Phase 2: Stretch Goals (Time Permitting)

• Trust policy CRD for managing keys/issuers: Developing a Custom Resource Definition (CRD) to help manage keys and issuers, making it easier to define and manage trust policies within the cluster. This will provide users with more flexibility.
• Keyless signing (OIDC identities): Exploring the possibility of using OIDC (OpenID Connect) identities for signing, making the signing process even more streamlined and secure. This is great for automated deployments.
• Verification of ConfigMap based hook scripts: Extending the verification mechanism to include scripts stored in ConfigMaps, which is another way to manage sidecar hooks. This adds to the flexibility of the project.

Phase 2 will build upon the foundation laid in Phase 1, adding more advanced features and capabilities. It's designed as a set of stretch goals, meaning it will depend on how the progress goes in the first phase. The idea is to have a solid and functional core first.

Skills You'll Need to Rock This Project

If you're interested in contributing to this project, here's what you should know:

• Go programming: You'll be working with Go, so a solid understanding of the language is essential.
• Kubernetes admission webhooks & API machinery: You'll need to know how Kubernetes webhooks work and how to interact with the Kubernetes API.
• Familiarity with container images and registries: A good grasp of container image formats, registries, and how they work is important.
• Basic security concepts (signatures, trust roots): You should have a basic understanding of security concepts like digital signatures and trust roots.

Getting Started: Your First Steps

Ready to jump in? Here's how you can get started:

• Review KubeVirt admission webhook code under virt-api: Start by exploring the existing code for admission webhooks in the virt-api component. This will give you a feel for how things work.
• Study existing sidecar hook implementation and annotations: Understand how sidecar hooks are currently implemented and how they're configured using annotations.
• Experiment with Cosign signing and verification: Get hands-on experience with Cosign, trying out signing and verifying container images. This will give you practical experience.
• Run a local KubeVirt development cluster (kubevirtci): Set up a local development environment using kubevirtci. This allows you to test your changes and see how things work in practice.

Why This Project Matters: Security First!

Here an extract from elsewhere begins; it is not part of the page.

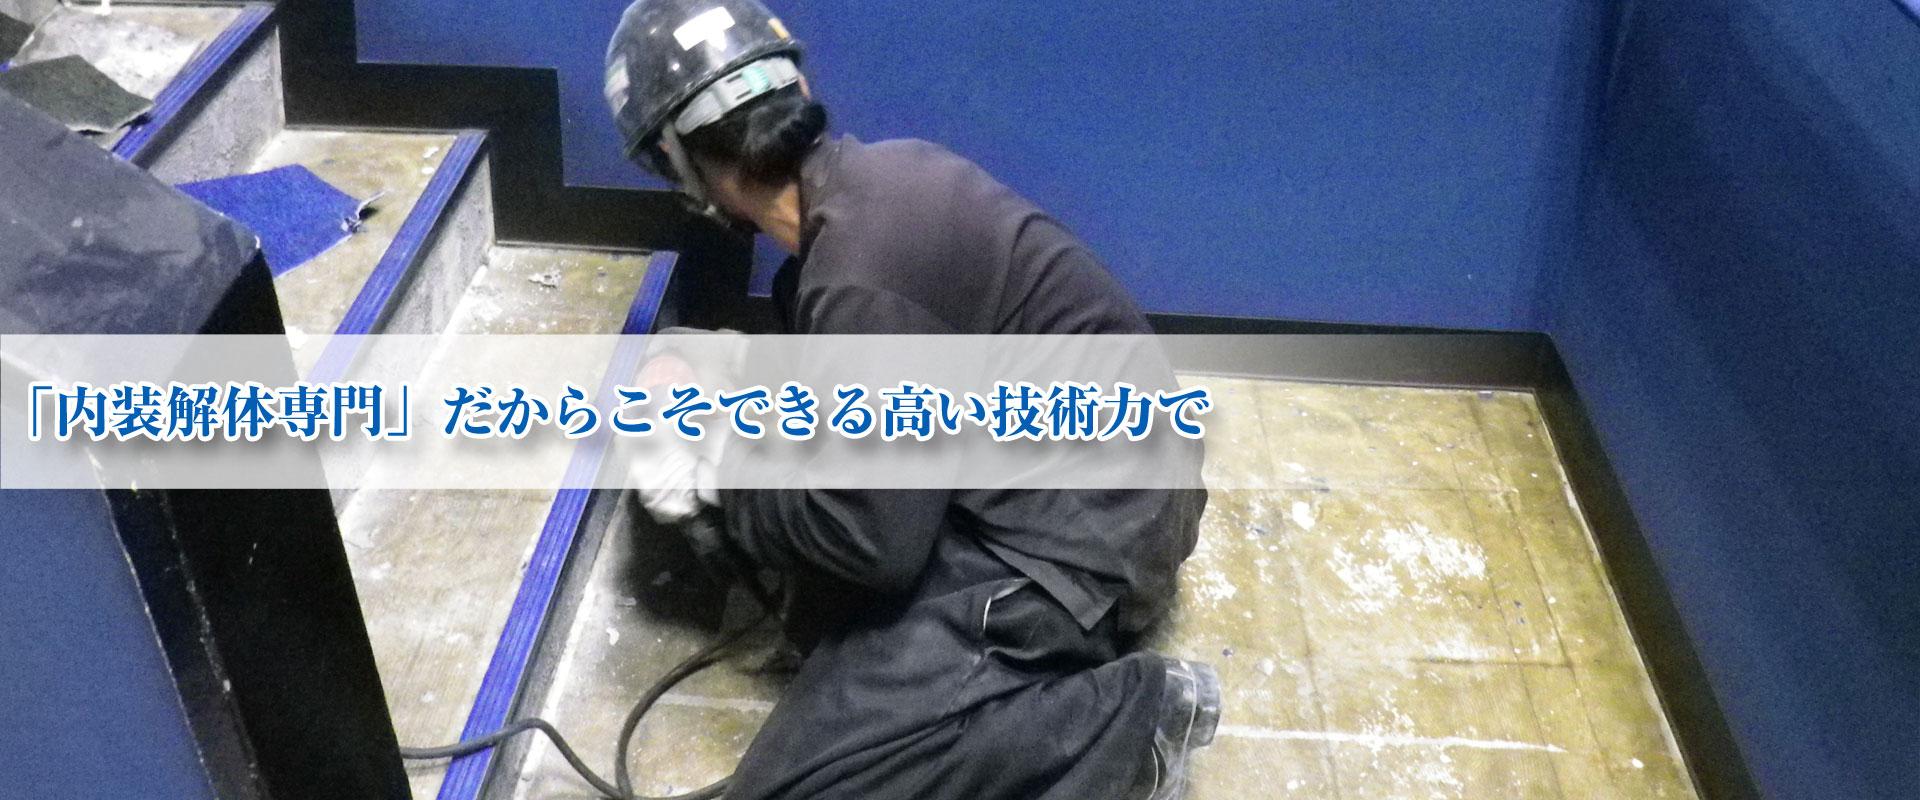 「内装解体専門」だからこそできる高い技術力で

This project isn't just about adding a cool feature; it directly addresses a documented security vulnerability in KubeVirt. It aligns with best practices from the CNCF (Cloud Native Computing Foundation) and supports the ongoing work around confidential computing. By implementing this project, you'll be helping to strengthen KubeVirt's security posture, making it a safer platform for running VMs in production environments. It addresses a real-world security concern, making it a valuable contribution to the open-source community.

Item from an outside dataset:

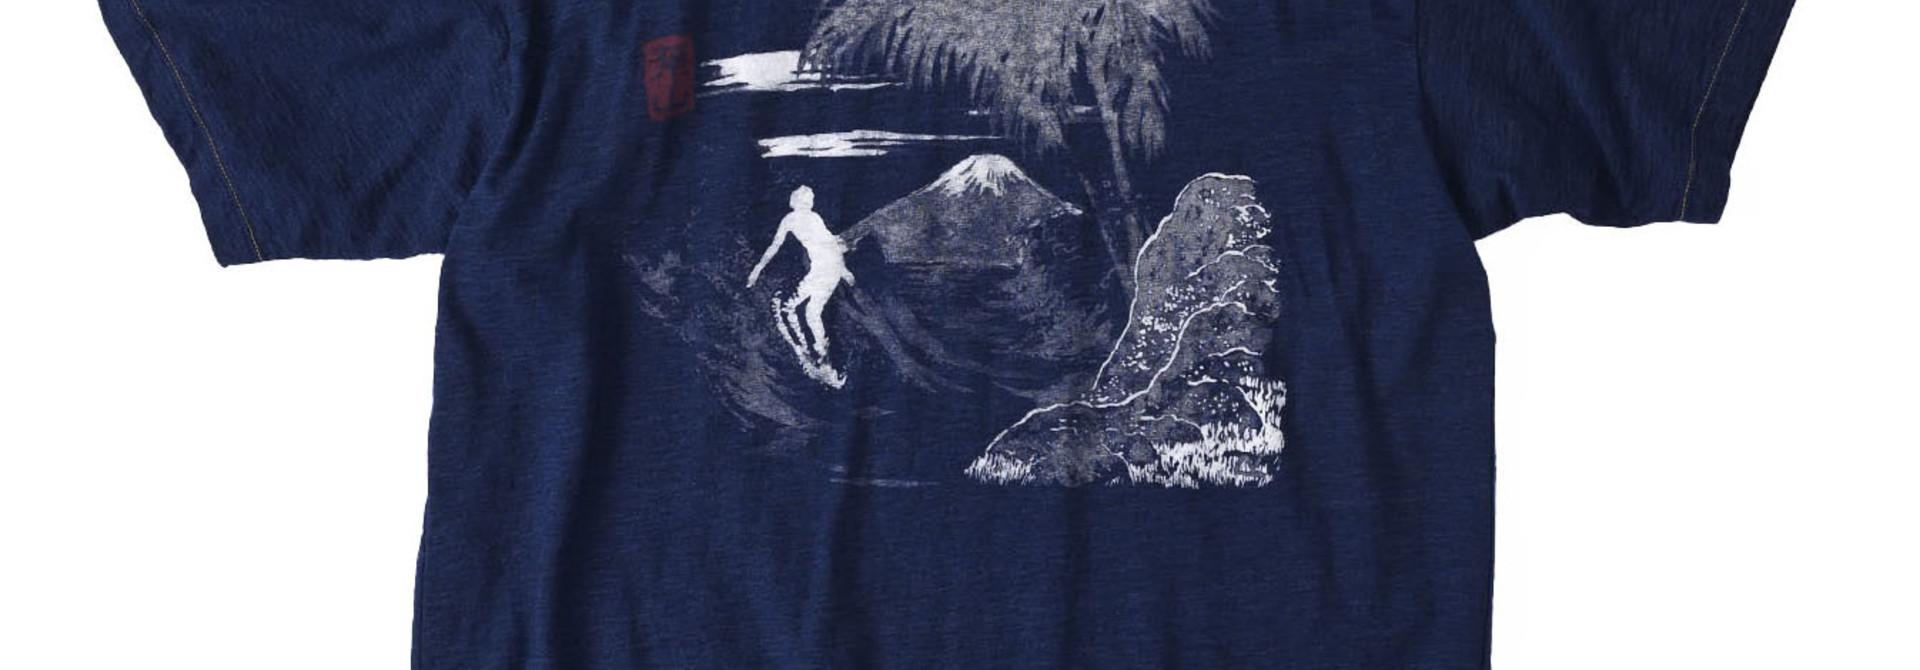 Indigo Ukiyo de Surf 908 Ocean T-shirt (0621)

Who Can Help You: Mentorship

We're looking for mentors who are experts in these areas:

• KubeVirt control plane
• Kubernetes admission webhooks
• Container image security

Mentors will provide guidance and support throughout the project, helping you succeed and contribute meaningfully to the KubeVirt community.

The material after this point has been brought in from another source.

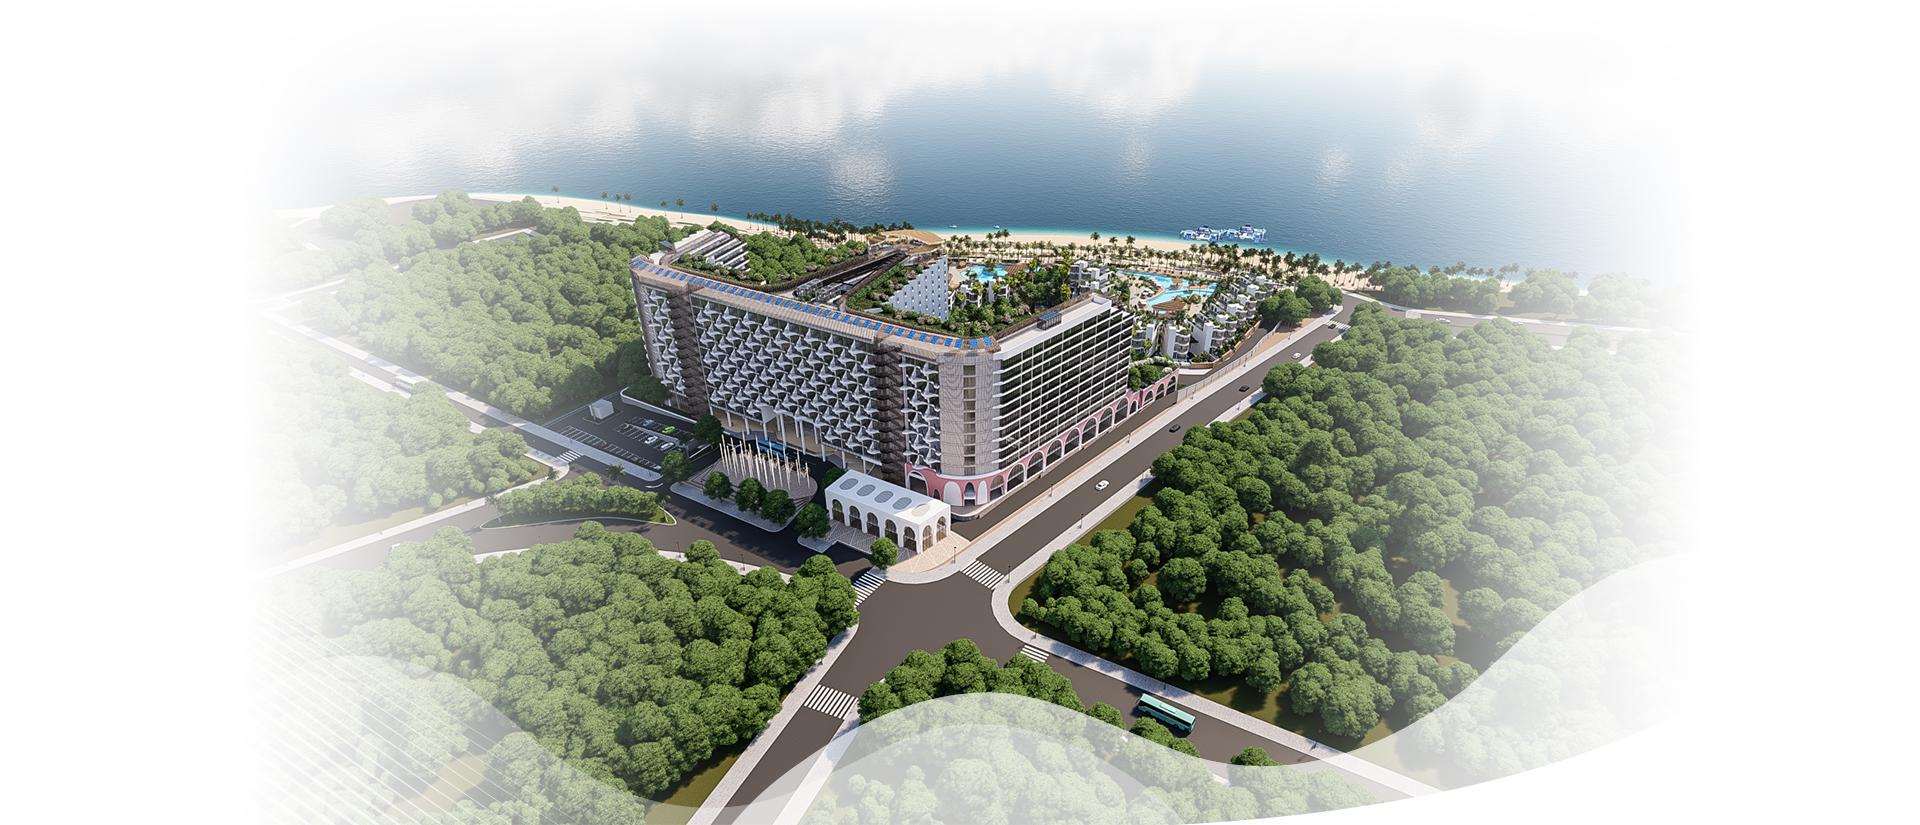 Căn hộ nghỉ dưỡng mang trải nghiệm khác biệt tại Charm Resort Long Hải 4

References: Need More Info?

• KubeVirt Sidecar Hooks documentation
• Quarkslab / OSTIF KubeVirt Security Audit (2025), Finding LOW-15
• Sigstore / Cosign documentation

By implementing this project, you'll be making a significant contribution to the security of KubeVirt, protecting VMs, and the underlying infrastructure. It's a great opportunity to learn, contribute to open source, and make a real impact on the cloud-native ecosystem!